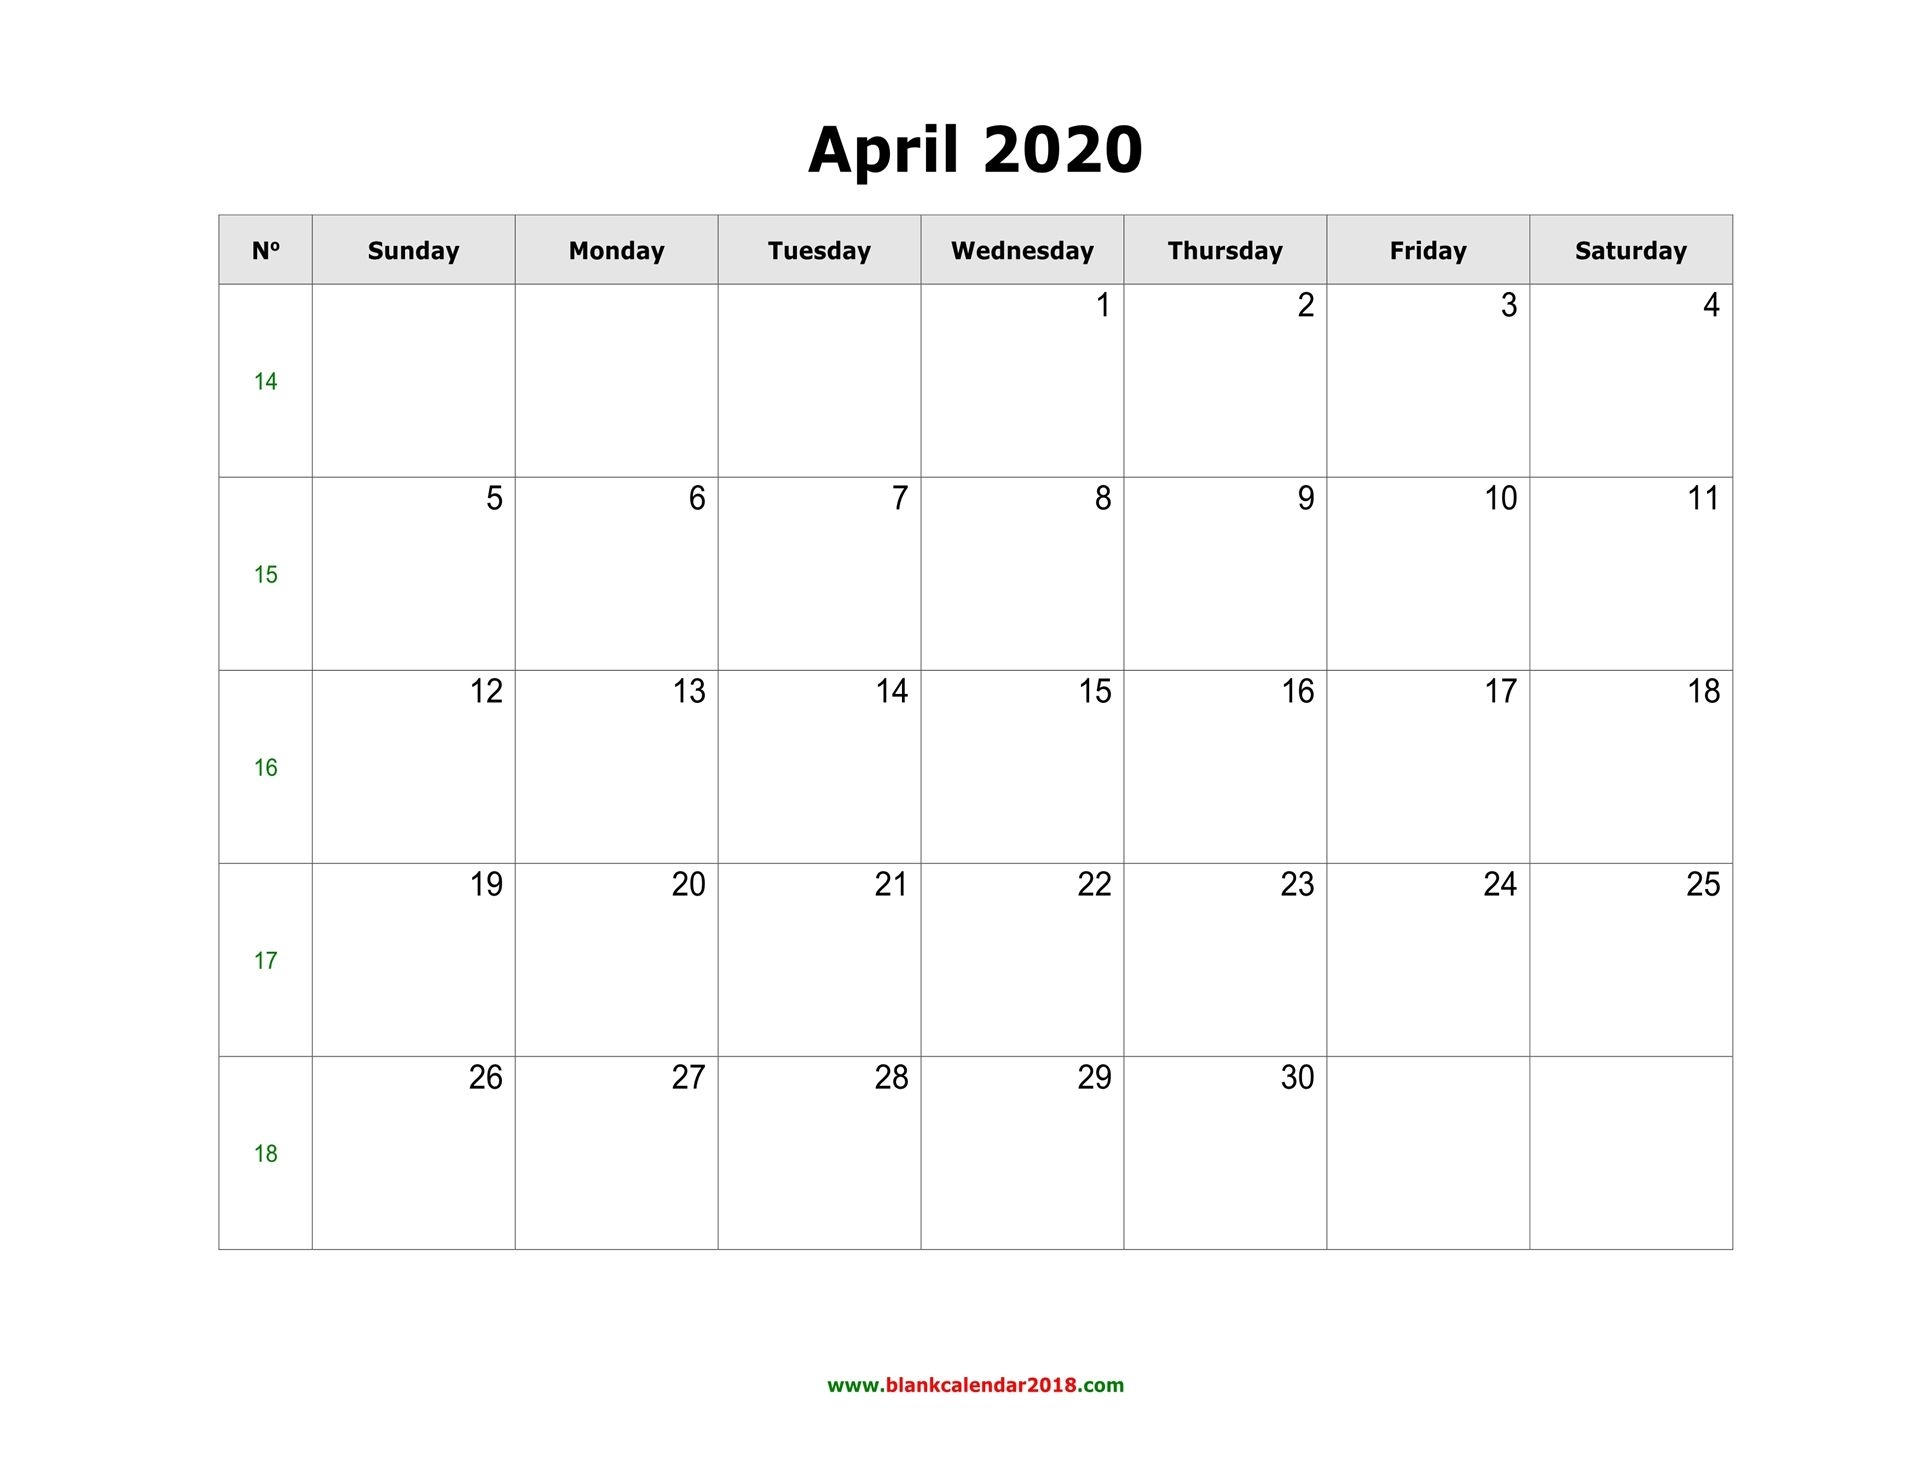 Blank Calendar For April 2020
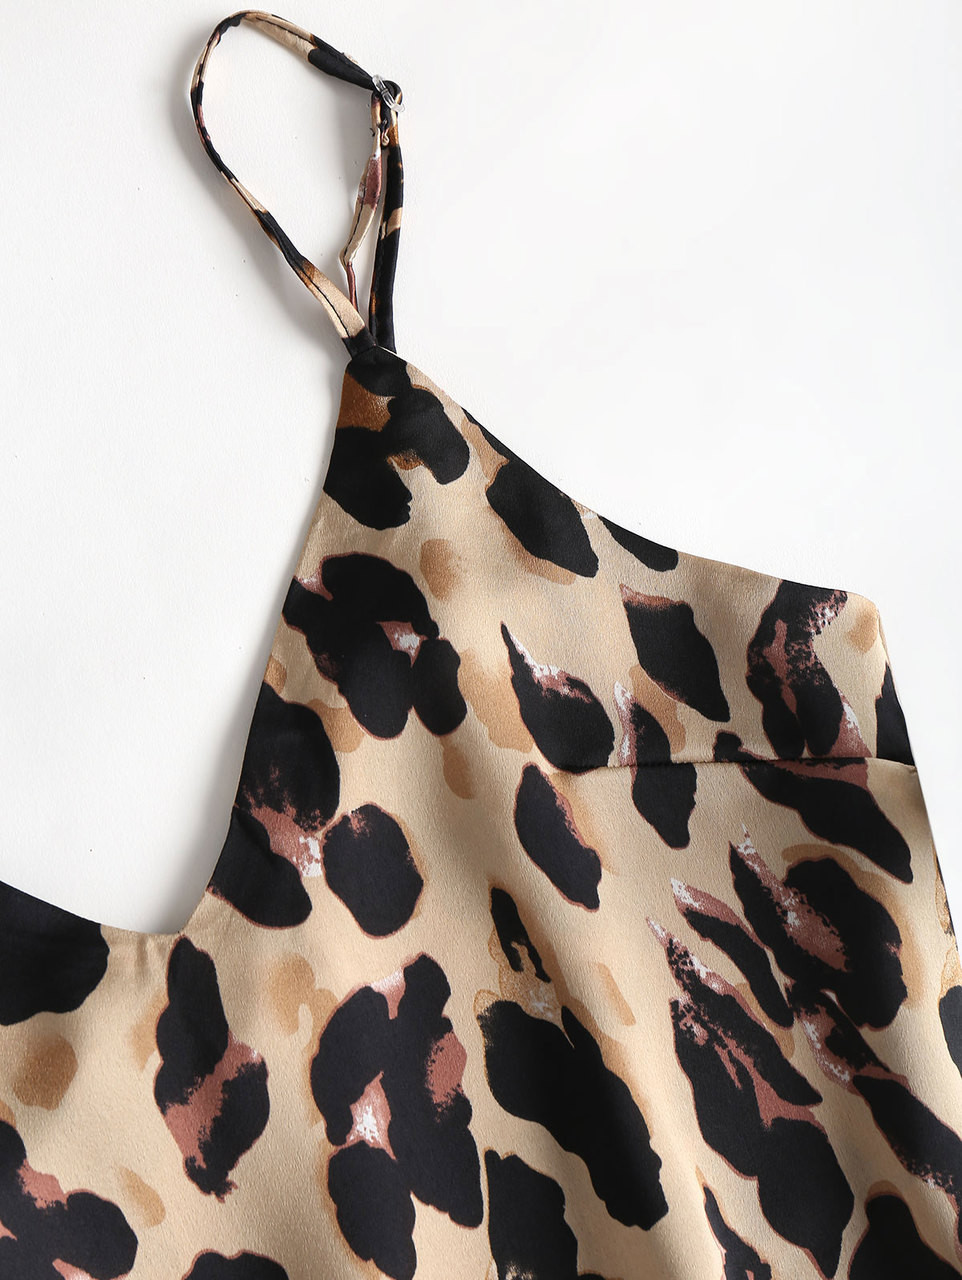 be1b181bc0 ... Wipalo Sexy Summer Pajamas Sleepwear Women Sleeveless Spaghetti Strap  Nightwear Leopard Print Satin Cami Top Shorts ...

######

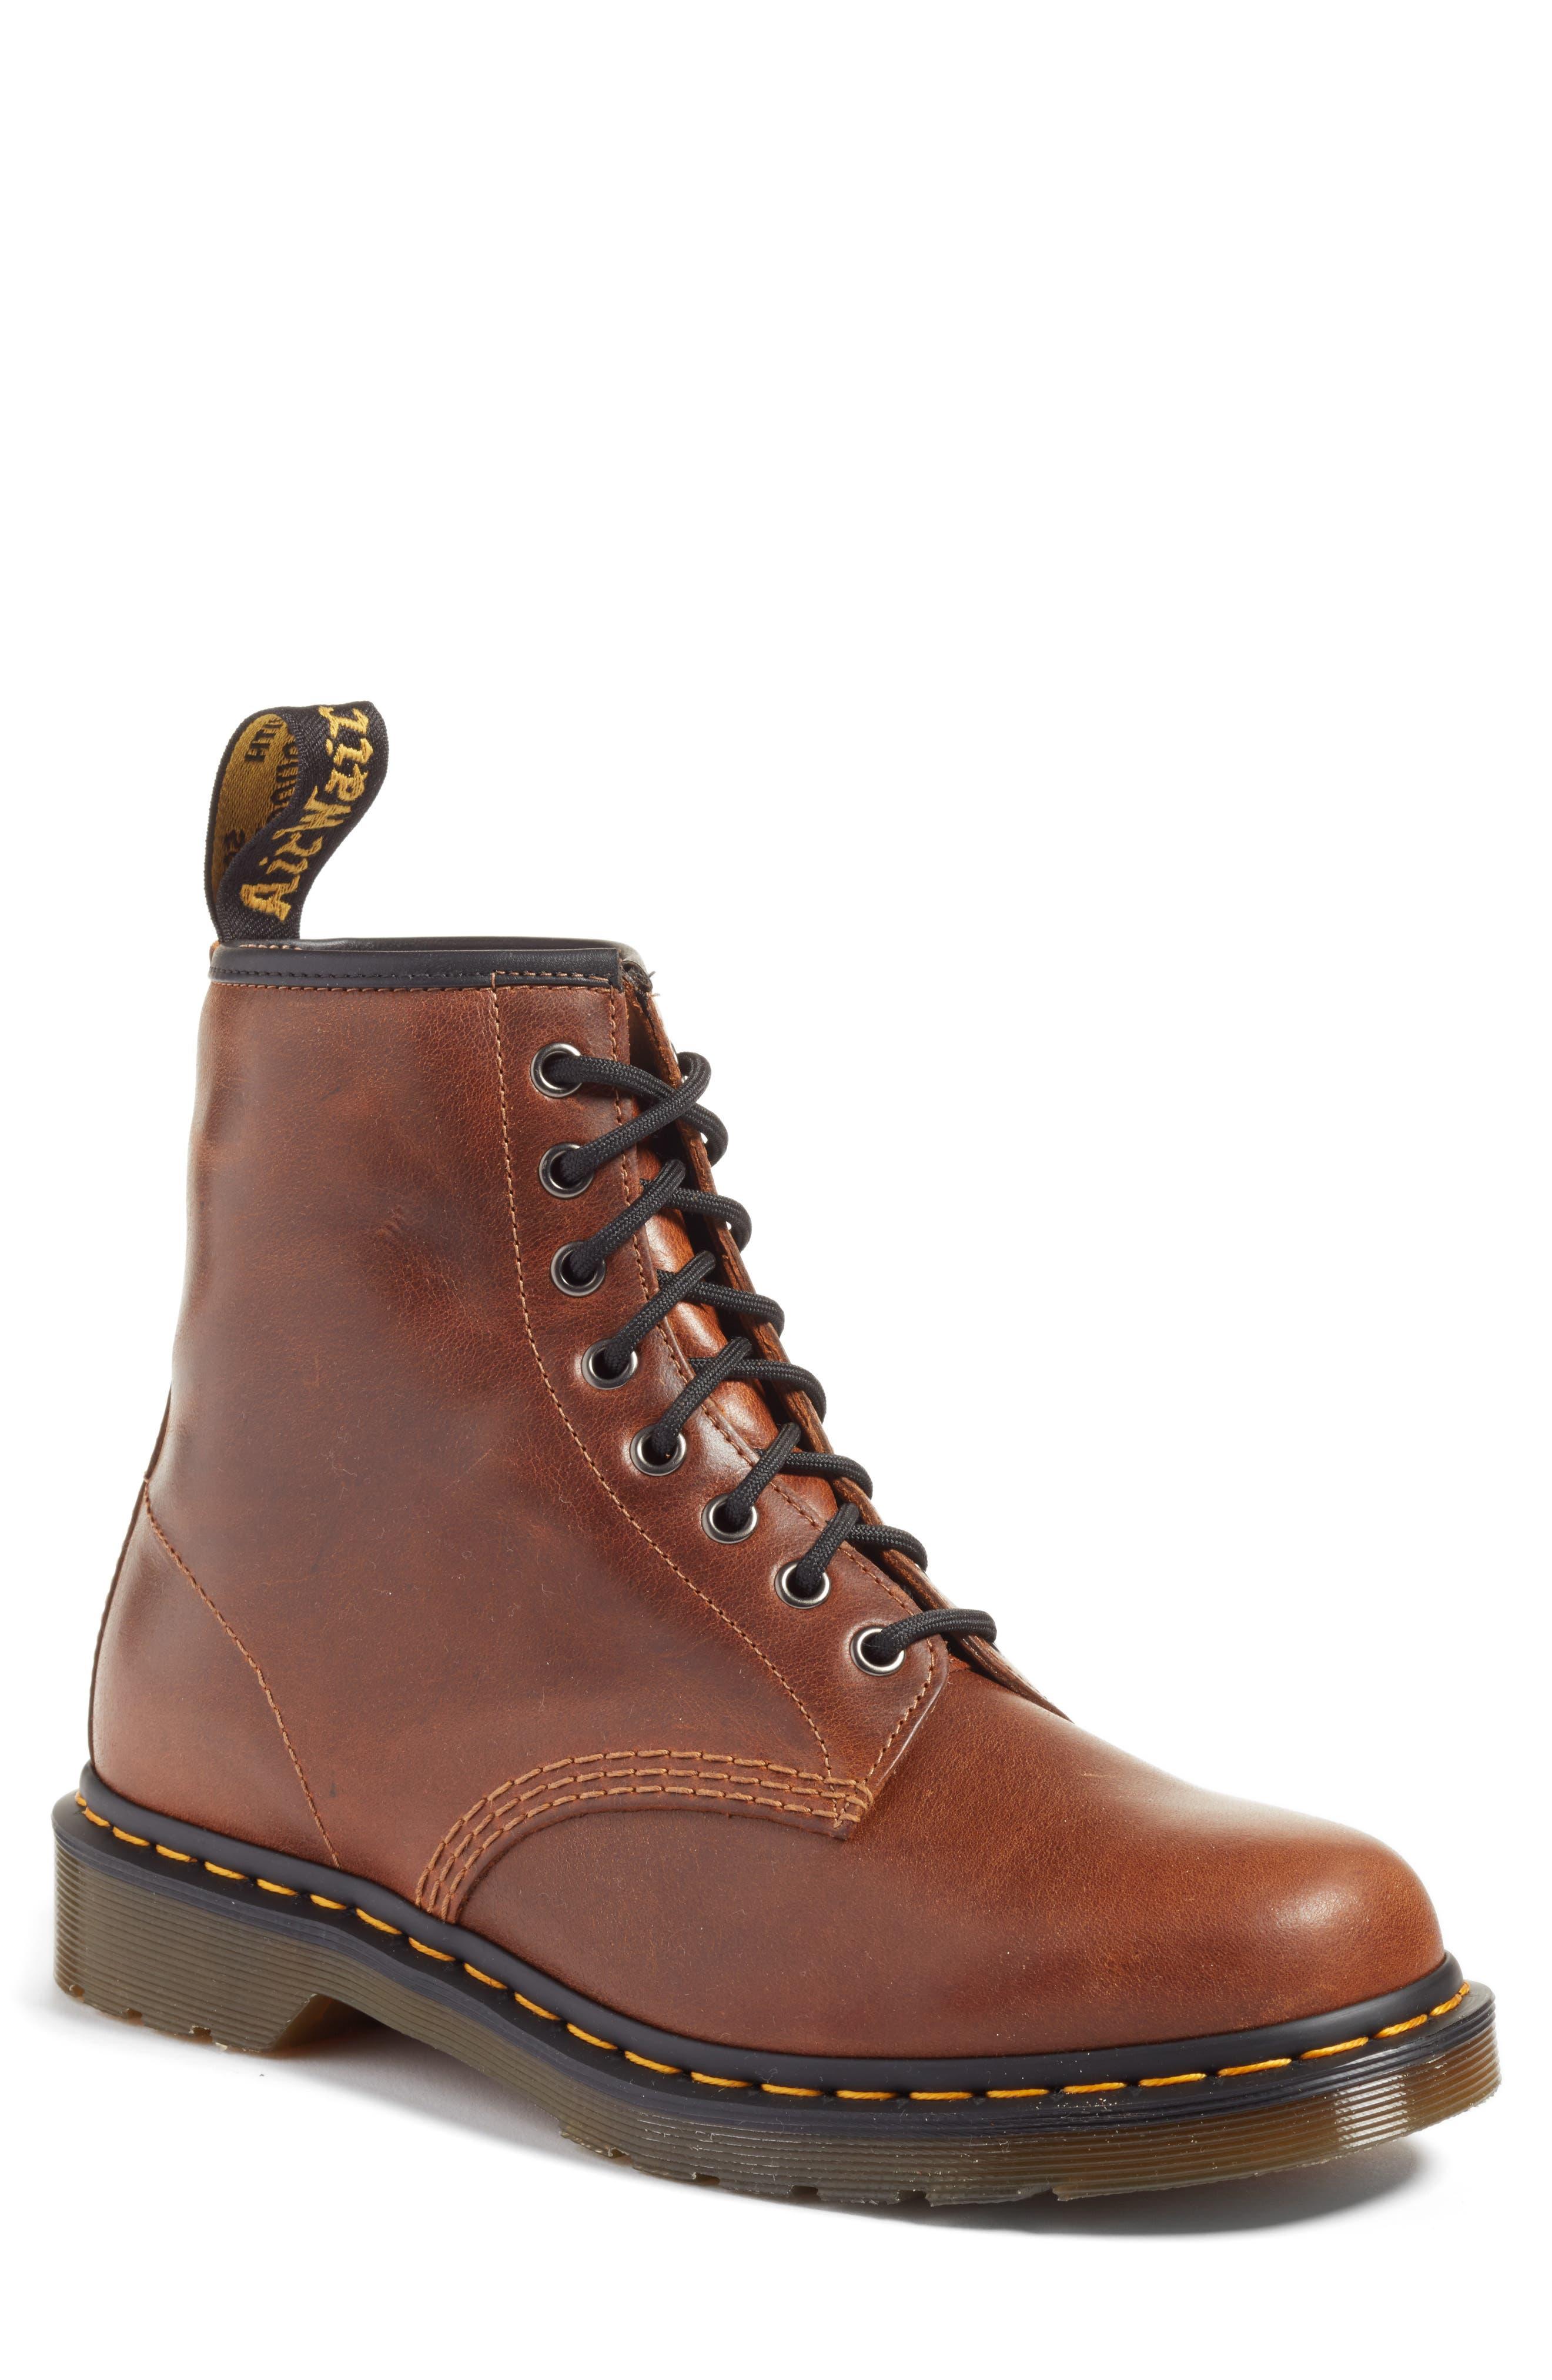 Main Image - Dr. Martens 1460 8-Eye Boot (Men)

######

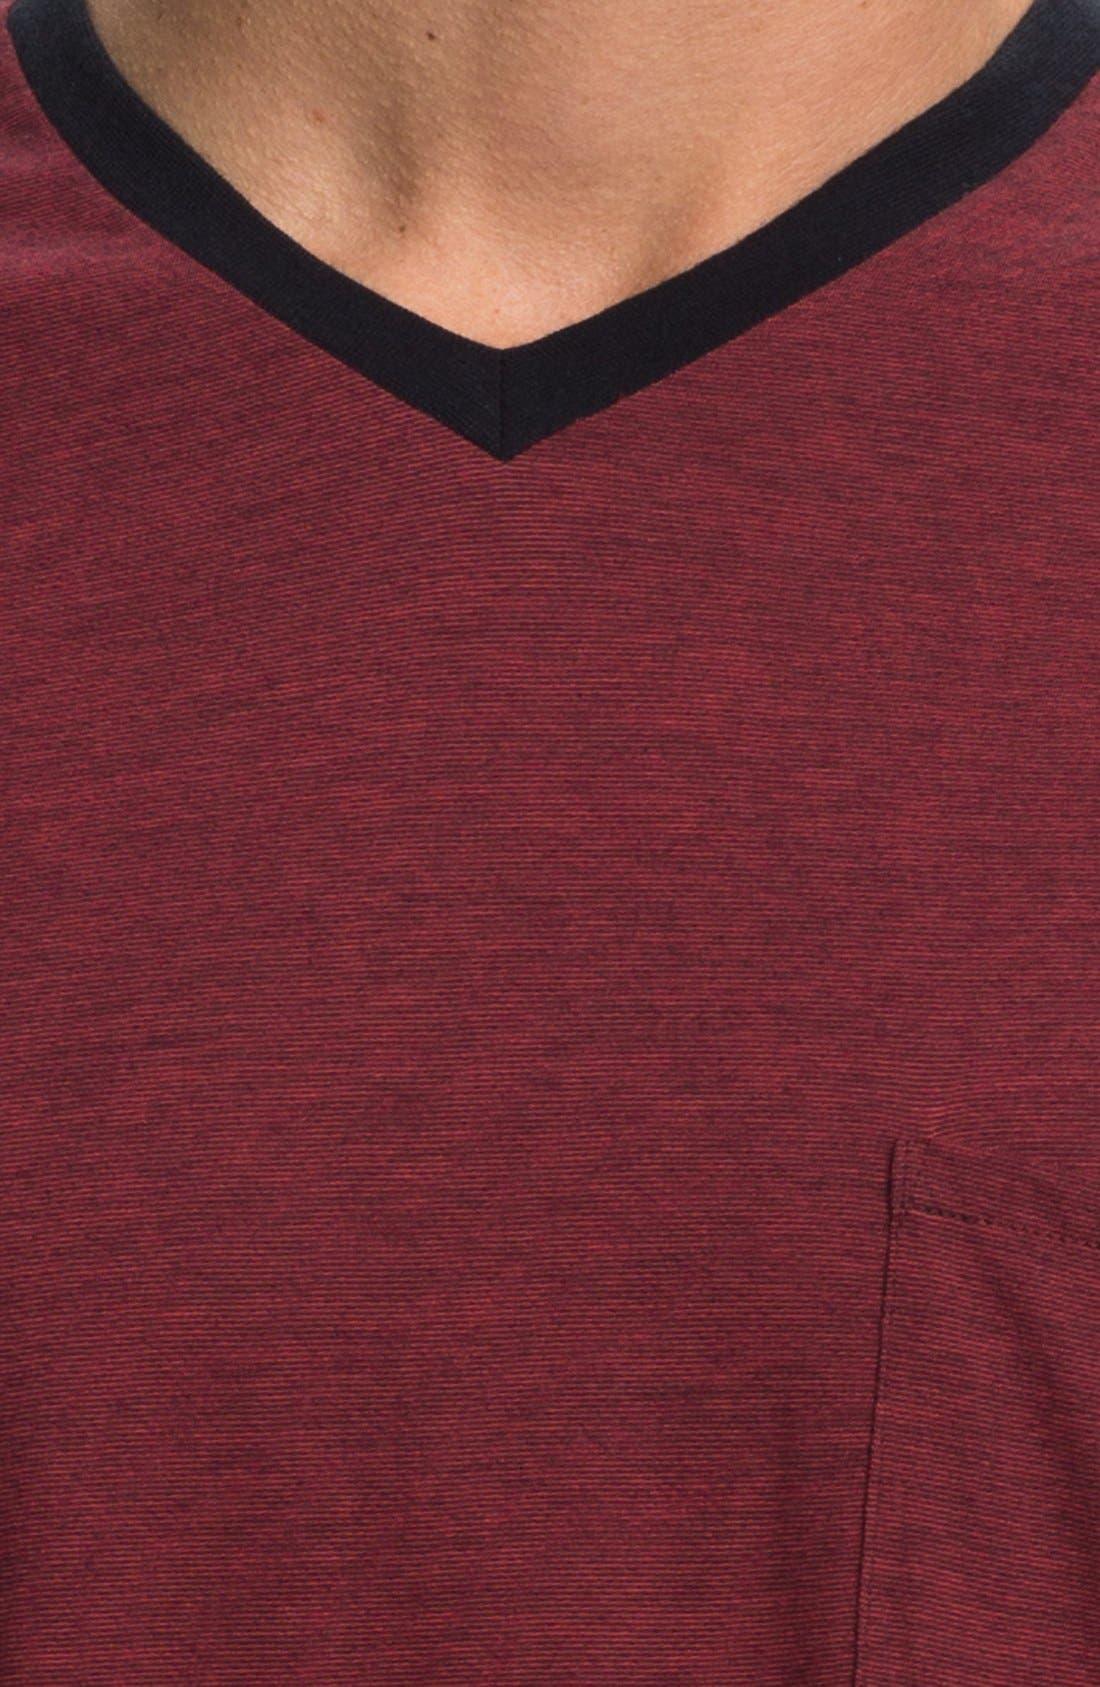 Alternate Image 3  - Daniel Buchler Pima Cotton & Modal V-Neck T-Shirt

######

Look above for the line with "Blank Calendar For April 2020" and copy exactly from it through the line with "be1b181bc0 ... Wipalo", both included. Omit the pictures.

 Blank Calendar For April 2020
 be1b181bc0 ... Wipalo Sexy Summer Pajamas Sleepwear Women Sleeveless Spaghetti Strap  Nightwear Leopard Print Satin Cami Top Shorts ...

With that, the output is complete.